|Ahead of print publication
Radiotherapy target volumes in esophageal cancer: The twisting kaleidoscope
Gautam Sarma, Jyotiman Nath, Biswajit Sarma
Department of Radiation Oncology, Dr. B Borooah Cancer Institute, Guwahati, Assam, India
|Date of Submission||31-Mar-2022|
|Date of Acceptance||20-Apr-2022|
|Date of Web Publication||01-Nov-2022|
Department of Radiation Oncology, Dr. B Borooah Cancer Institute, Guwahati, Assam
Source of Support: None, Conflict of Interest: None
Incidence of carcinoma esophagus accounts for approximately 6% of all gastrointestinal malignancies. According to GLOBOCAN 2020 data, 604,100 cases of carcinoma esophagus were detected (3.1% of total cases), and it was the 8th most common cancer in the world. The first choice of treatment for resectable esophageal cancer is surgery. Neoadjuvant radio-chemotherapy improved the overall survival (OS) of patients with advanced carcinomas of the esophagus by about 10% in 5 years, as shown by different studies. In unresectable cases, carcinoma esophagus definitive chemoradiation is the treatment of choice. Determination of the target volume of the esophagus has changed with time due to the advancement of technology. Determining the target volumes accurately is essential to achieve precise dose delivery to the targets. Controversies still exist between different regions and societies regarding target volume determination. However, the choice of the treatment volumes, techniques, and dose for optimal use must be individualized. Patients' disease status, preference, and comorbidities should also be considered while making decisions. This article will review the different target volumes, techniques, and doses used in various large trials used in definitive, neoadjuvant, and adjuvant studies.

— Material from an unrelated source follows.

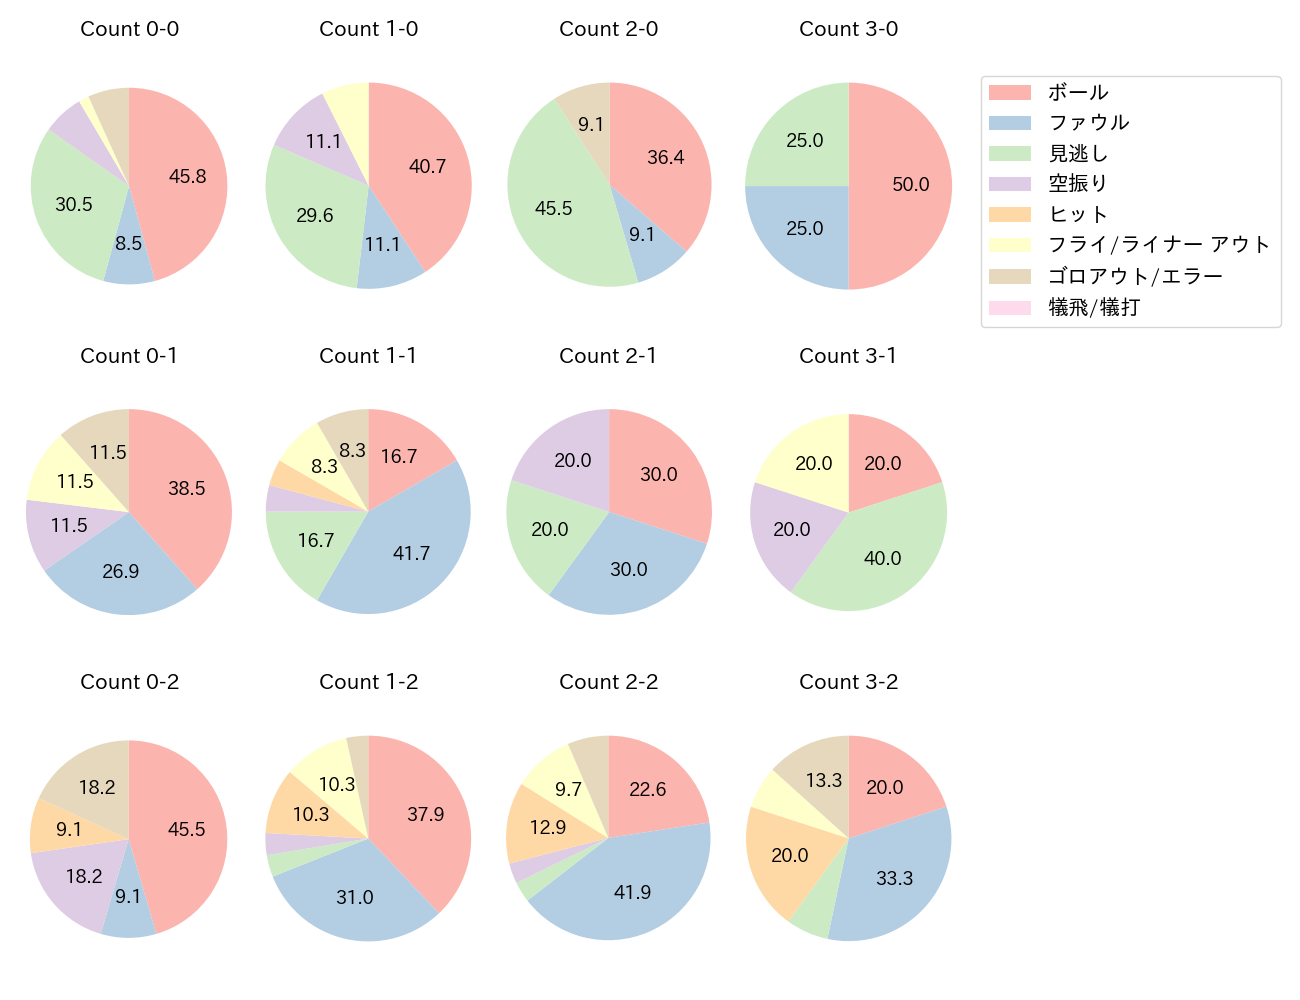 黒川 史陽の球数分布(2022年5月)

Keywords: Carcinoma, chemoradiation, esophagus, radiotherapy, target volume
| Introduction|| |
Incidence of carcinoma esophagus accounts for approximately 6% of all gastrointestinal malignancies. The epidemiology of esophageal cancer is defined by its substantial variability in histologic type, geographic area, gender, race, and ethnic background. According to geography, the incidence of esophageal carcinoma varies and is highest in Linxian, China, Russia, and the Caspian region of Iran. It is known as the esophageal cancer belt, extending from Iran through the central Asian republics to north-central China. In northern France, Kazakhstan, and South Africa, the incidence of esophageal carcinoma is as high as 50–99/100,000.
According to GLOBOCAN 2020 data, 604,100 cases of carcinoma esophagus were detected (3.1% of total cases), and it was the 8th most common cancer in the world.
The first choice of treatment for resectable esophageal cancer is surgery. In early esophageal cancer (T1-2), surgical resection usually results in long-term survival, but surgery alone has a poorer prognosis in the advanced stage (T3-4). Neoadjuvant radio-chemotherapy improved the OS of patients with advanced carcinomas of the esophagus by about 10% in 5 years, according to current Cochrane analysis, meta-analysis, the actual perspective, randomized Chemo Radiotherapy for Oesophageal cancer followed by Surgery Study (CROSS)-trial, and retrospective studies. In cases with unresectable carcinoma esophagus, definitive chemoradiation is the treatment of choice.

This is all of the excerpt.